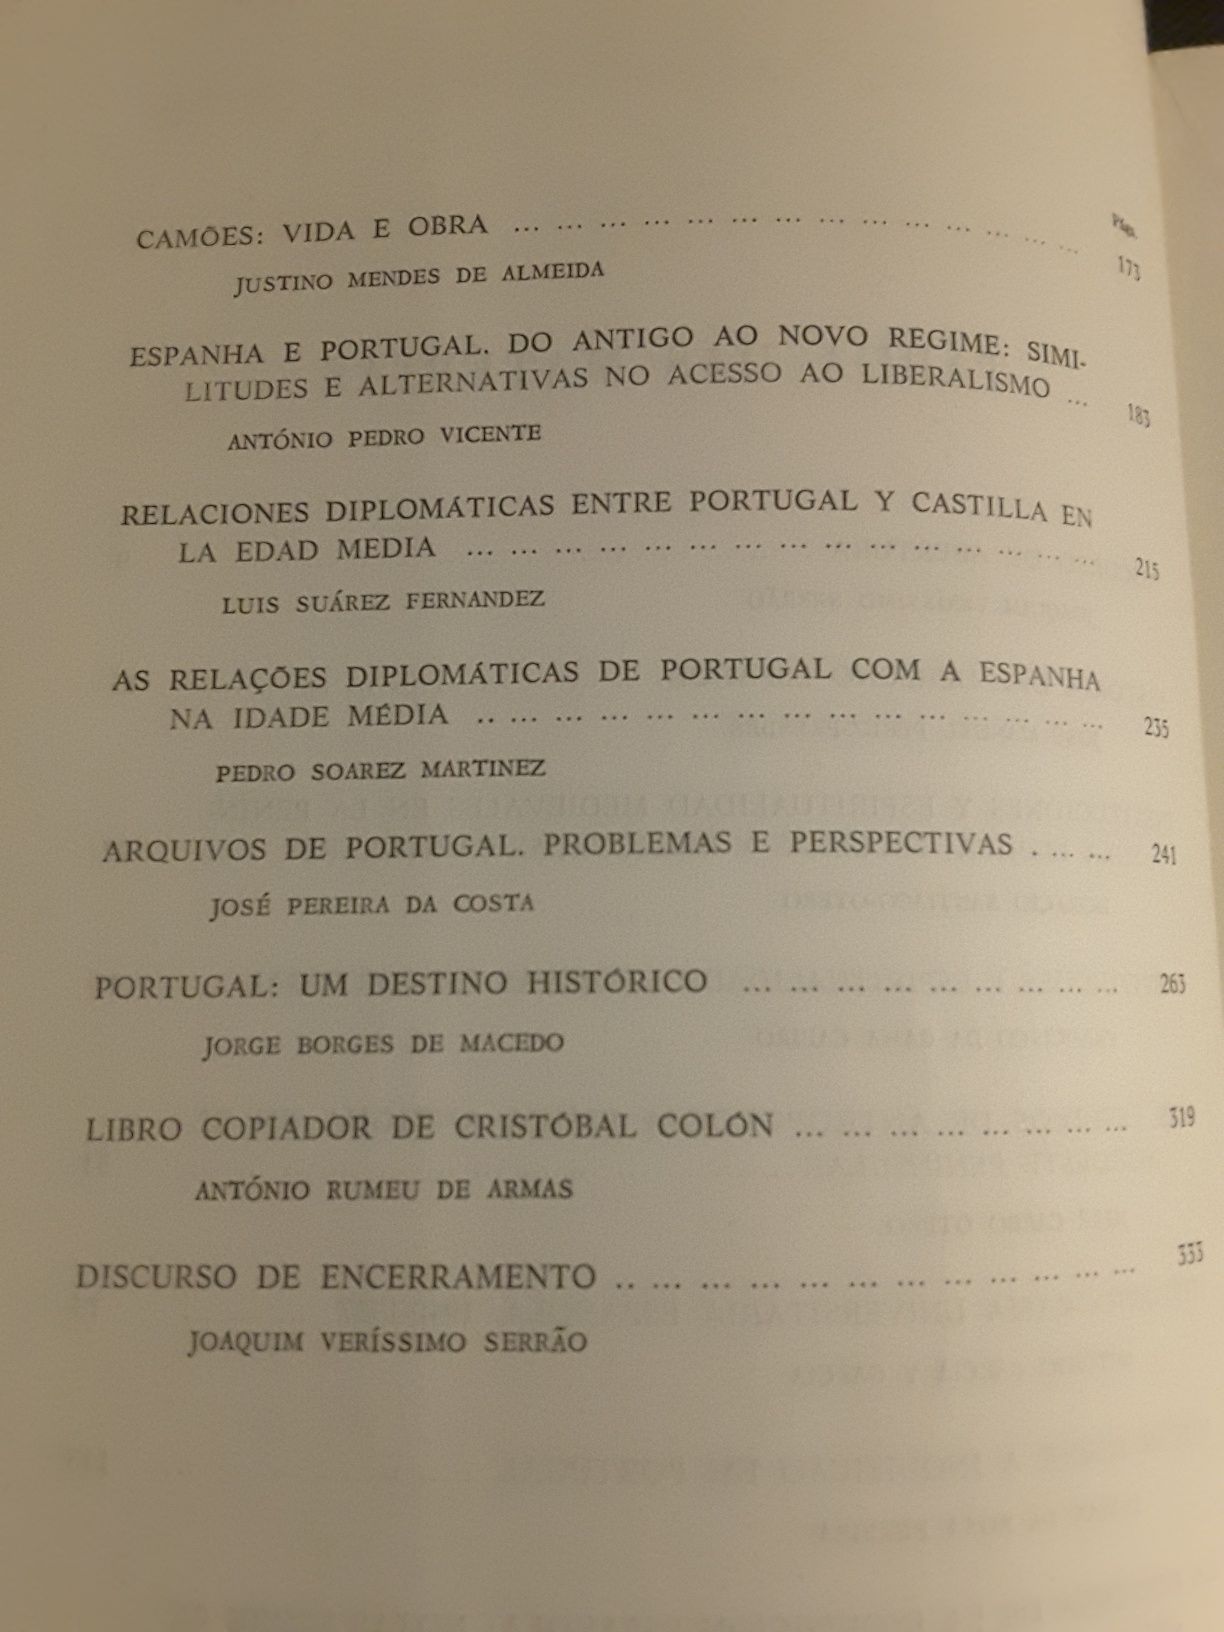 História Peninsular-Inquisição/ Crónica do Hospital de Todos-os-Santos
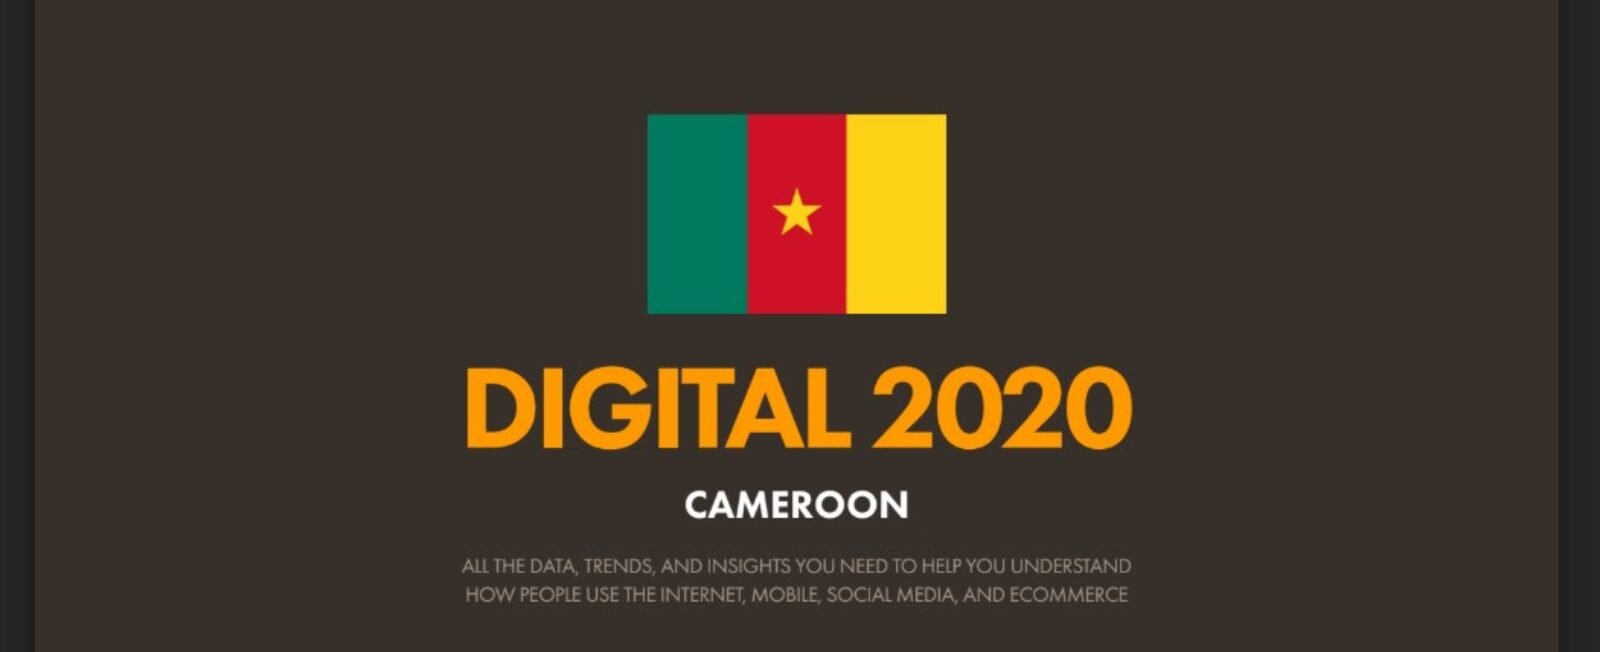 Rapport Digital 2020 pour le Cameroun, près de 8 millions d’internautes dont 50% sont sur les réseaux sociaux!
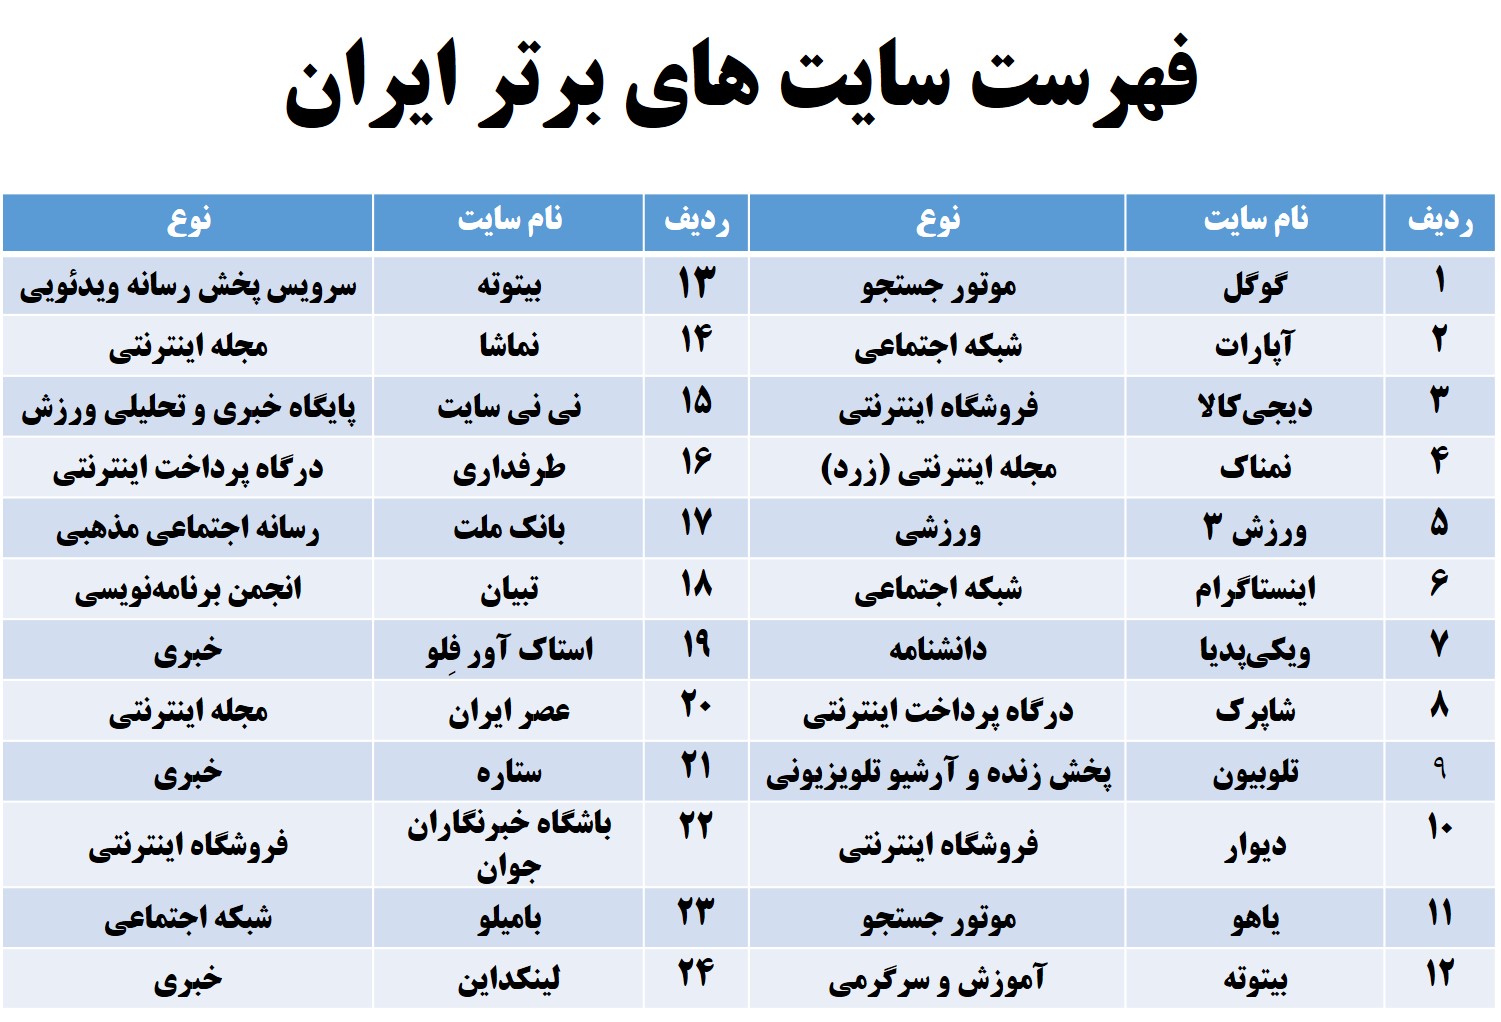 فهرست سایت های برتر ایران
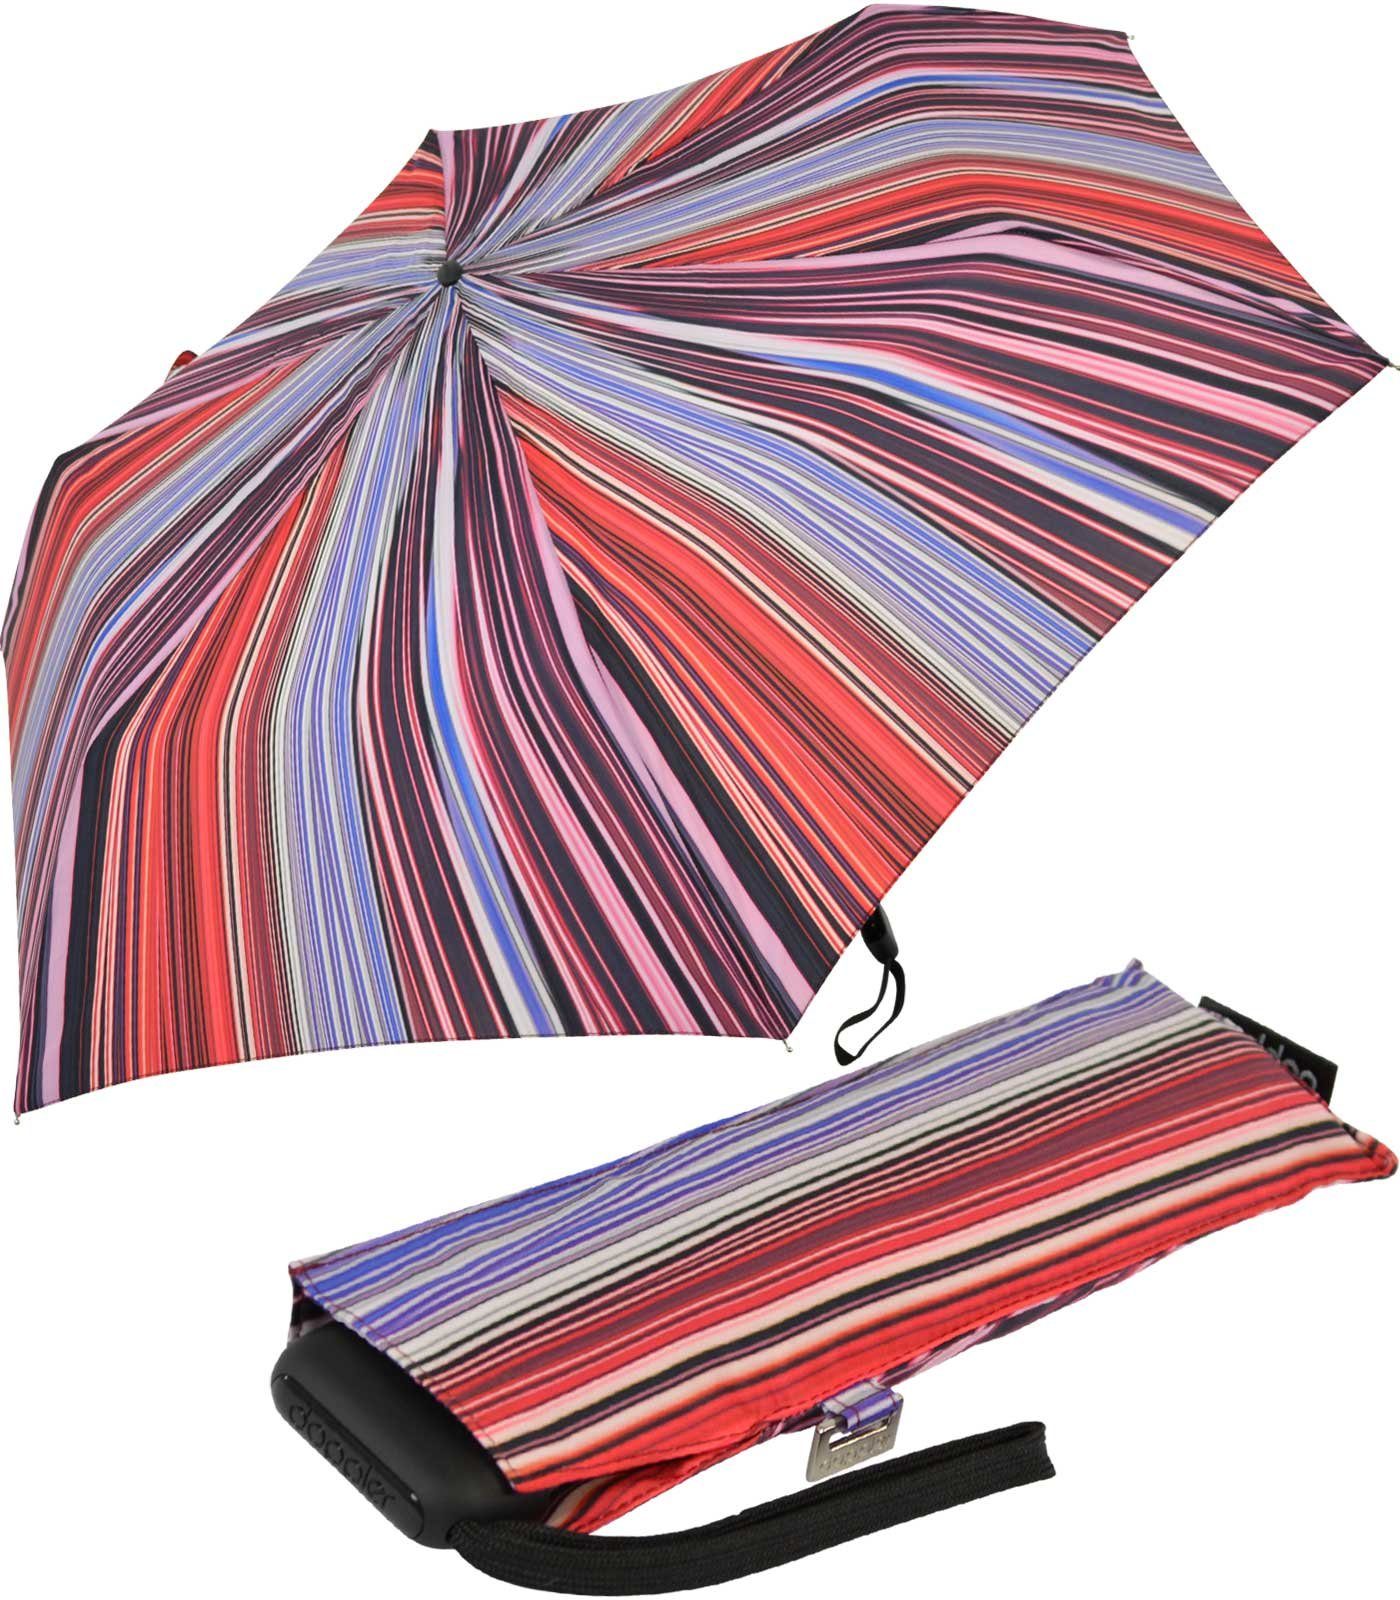 doppler® Taschenregenschirm ein leichter und flacher Schirm für jede Tasche, dieser treue Begleiter findet überall Platz lila-bordeaux

=======

Would you copy all the material exactly, dropping the pictures?

- REPLY TO THE EXERCISE:
 História Peninsular-Inquisição/ Crónica do Hospital de Todos-os-Santos
 Rapport Digital 2020 pour le Cameroun, près de 8 millions d’internautes dont 50% sont sur les réseaux sociaux!
 فهرست سایت های برتر ایران
 doppler® Taschenregenschirm ein leichter und flacher Schirm für jede Tasche, dieser treue Begleiter findet überall Platz lila-bordeaux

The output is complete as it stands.